Felizmente, ya Carlos Argentino Daneri le habla para sacarlo de sus
ensoñaciones y permitirle comenzar a olvidar el Aleph. Buscando redimirse de
esa experiencia, se decide a escribir. Sabe que la memoria es otra forma del
olvido y que el lenguaje, imperfecto y lineal como el tiempo, será un reflejo
pálido de la experiencia. Al mismo tiempo, se siente entusiasmado sin animarse
a confesárselo. Recuerda haber visto en el altísimo Aleph lo que habría sido su
vida de haber vivido con la inaccesible y grosera Beatriz Viterbo. Agradece al
destino (y la fatalidad) el que aquello nunca sucediera, el que tuviera que
contentarse con ser simplemente Jorge Luis Borges, un hombre resignado a ser
escritor, nada más.
Primera noche
La joven llegó de
la mano de su padre, el visir. A diferencia de las mujeres precedentes, en sus
ojos había algo que atemorizó al sultán. Un instante, quiso enviarla a
decapitar de inmediato pero se contuvo y decidió escucharla. Algo le decía que
esa joven le ayudaría a olvidar el engaño de su mujer, también su sed de
venganza, sangrienta y nefasta. Así, conoció la historia de Aladino y la
lámpara maravillosa, se estremeció con el relato de Sinbad el marino, se
emocionó con el cuento del príncipe Ahmed y el hada. Cuando terminó de contar
todas sus historias, al cabo de tantas noches, el sultán se sintió redimido,
aquella joven y sus cuentos le habían reconciliado con los demás y consigo
mismo.
El Sultán se
despierta en medio de gritos.

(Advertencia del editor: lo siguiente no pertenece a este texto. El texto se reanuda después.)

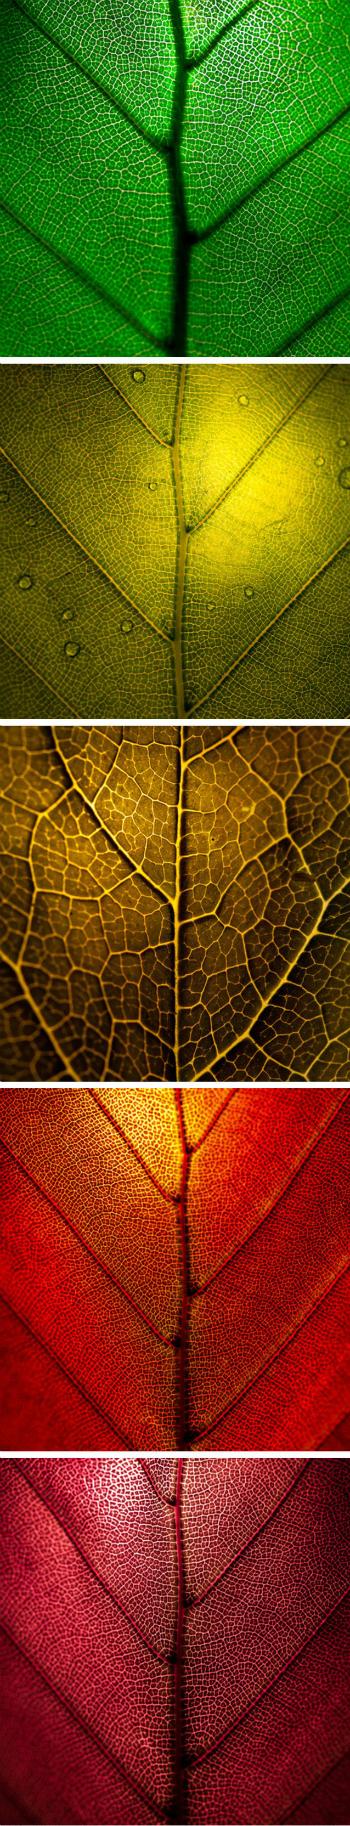 а вы знаете, почему листья меняют цвет?

Siente el corazón apretado, las lágrimas correr
por sus mejillas. Necesita creer que está soñando, que tanta desgracia no puede
ser cierta. Coge entre sus manos temblorosas el candil e ilumina el rincón de
la habitación. La cabeza de Sherezade se encuentra encima de las demás, sus
ojos entreabiertos parecen condenarlo para siempre por haberse resistido
a escucharla.
Después del
diluvio
Al arca subieron
los osos, las grullas y los perros, también los elefantes, las jirafas, los
chimpancés y los tigres, incluso los ornitorrincos, los dragones de komodo, los
axolotl, los jerbos de orejas largas, las tortugas de galápagos y los perros
komondor. Sin embargo, no subieron los unicornios, las quimeras, los
catoblepas, las arpías, los trolls, las hidras, los íncubos, los kraken y tantos
otros que decidieron quedarse pese a las admoniciones de Noé. La muerte se hizo
silencio, el silencio se hizo olvido y el olvido se hizo imaginación en el
mito. Cuando todos esos seres mitológicos resucitaron ya eran de otra materia,
inmune a las catástrofes y las cóleras divinas.
La verdadera
historia de cenicienta
Dan las doce y se
precipita en salir del baile. En el camino, olvidó el zapatito de cristal que
ya está entre las manos del príncipe. Al día siguiente la obligan a probárselo.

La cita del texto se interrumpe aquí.